Attach this to the Jar:
Candy Cookies
Makes 3 dozen cookies
1 cup unsalted butter or margarine, softened
1 large egg
1 package Candy Cookie Mix
1 cup candy bar chunks (Reese's peanut butter cups, Butterfinger
bars, white or milk chocolate chunks)
Preheat oven to 350 degrees F. In the large bowl of an electric
mixer, beat the butter until it is smooth. Add the egg, and continue
beating until the egg is combined. Add the Candy Cookie Mix and
candy bar chunks and blend on low just until the cookie mix is
incorporated. Form the cookies into 11/2-inch balls & place them 2
inches apart on an un-greased cookie sheet.
Bake for 10 to 12 minutes, until golden on the edges. Remove from
oven, and cool on cookie sheet for 2 minutes.


Approx 3 1/2 cup Bow Noodles (farfalle)
1/4 cup Mushrooms -- dried, chopped (opt.)
2 Tbs Minced Onion -- dried
3 Tbs Chicken Bouillon granules -- instant
1 Tbs Parsley flakes
1 teaspoon Thyme
6 -7 whole cloves

You can do this two ways.
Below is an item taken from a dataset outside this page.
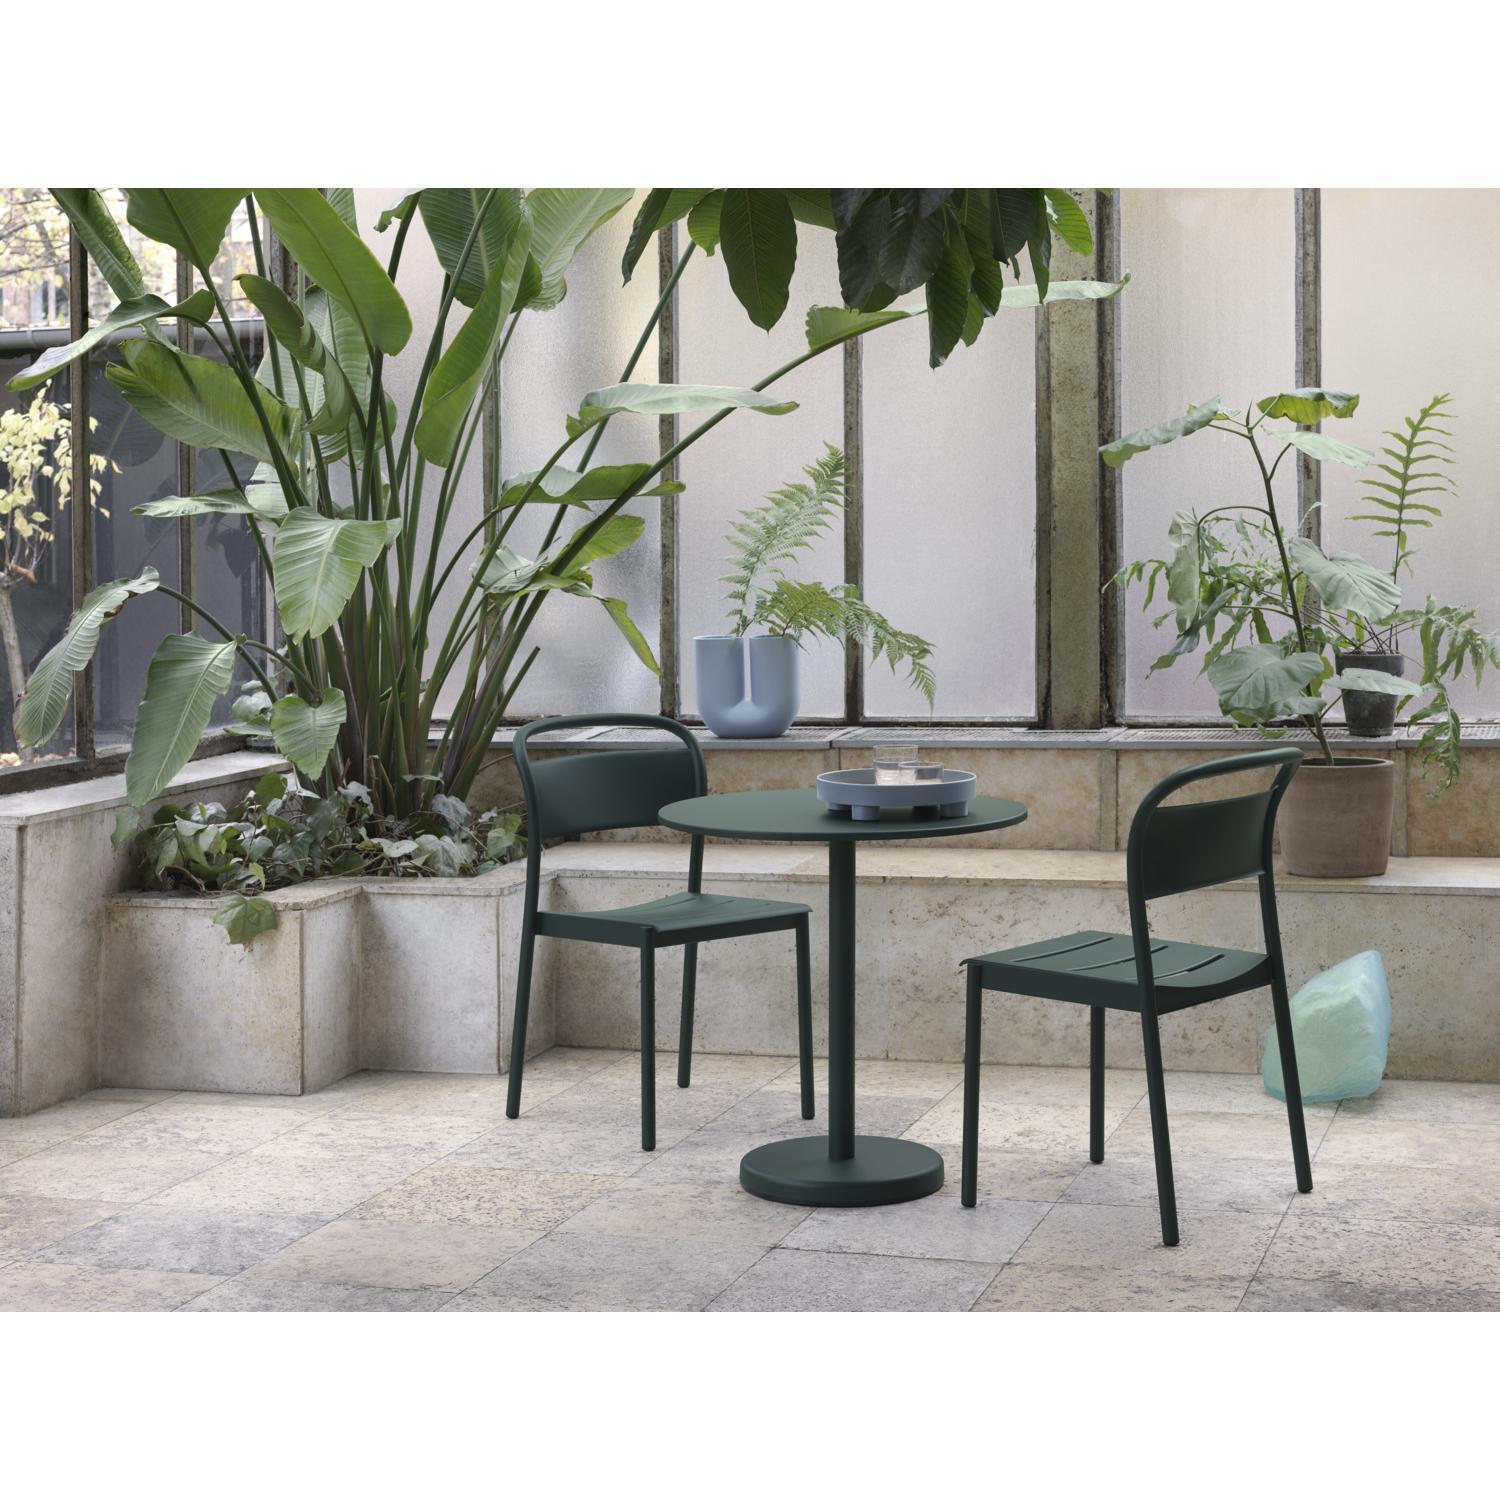 Muuto Linear Steel Café Table 70 X70 Cm, Dark Green
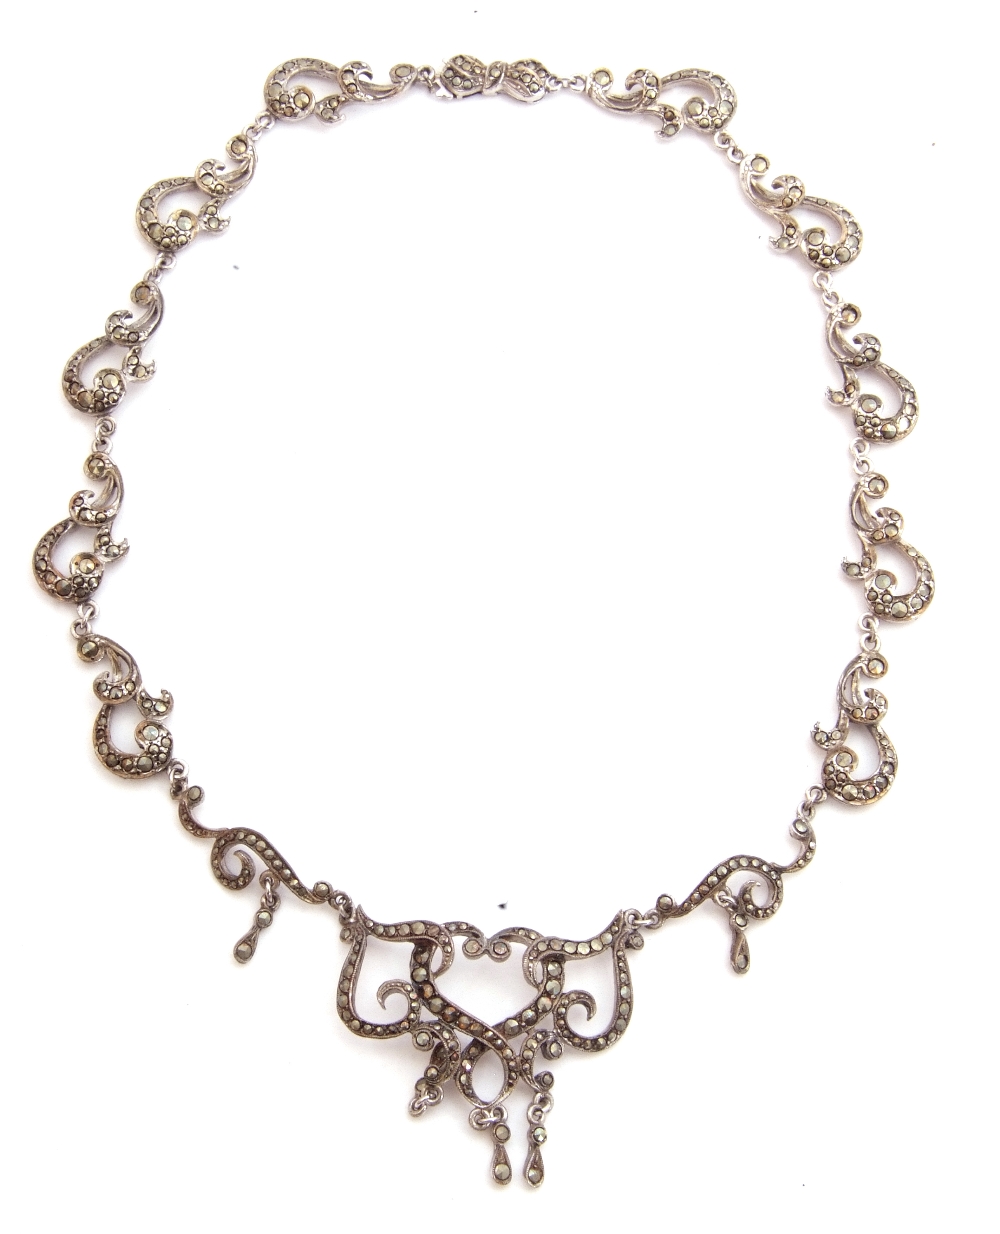 Vintage marcasite set necklace of open work scroll design, 37cm long, stamped "silver" - Image 3 of 5

You can layer the bow noodles with the
spices in between (except for whole cloves). Or you can put the
noodles in the jar with the spices tied up in a baggie.

Add these directions to your gift card...
Chicken Soup with Bow Noodles
Bring 8 cups water to boil in a large pot. Add contents of jars
EXCEPT whole cloves. Push whole cloves into a small onion and drop
into soup. Simmer until noodles are done approx 8- 12 minutes. The
cloves give this soup a WONDERFUL flavor!!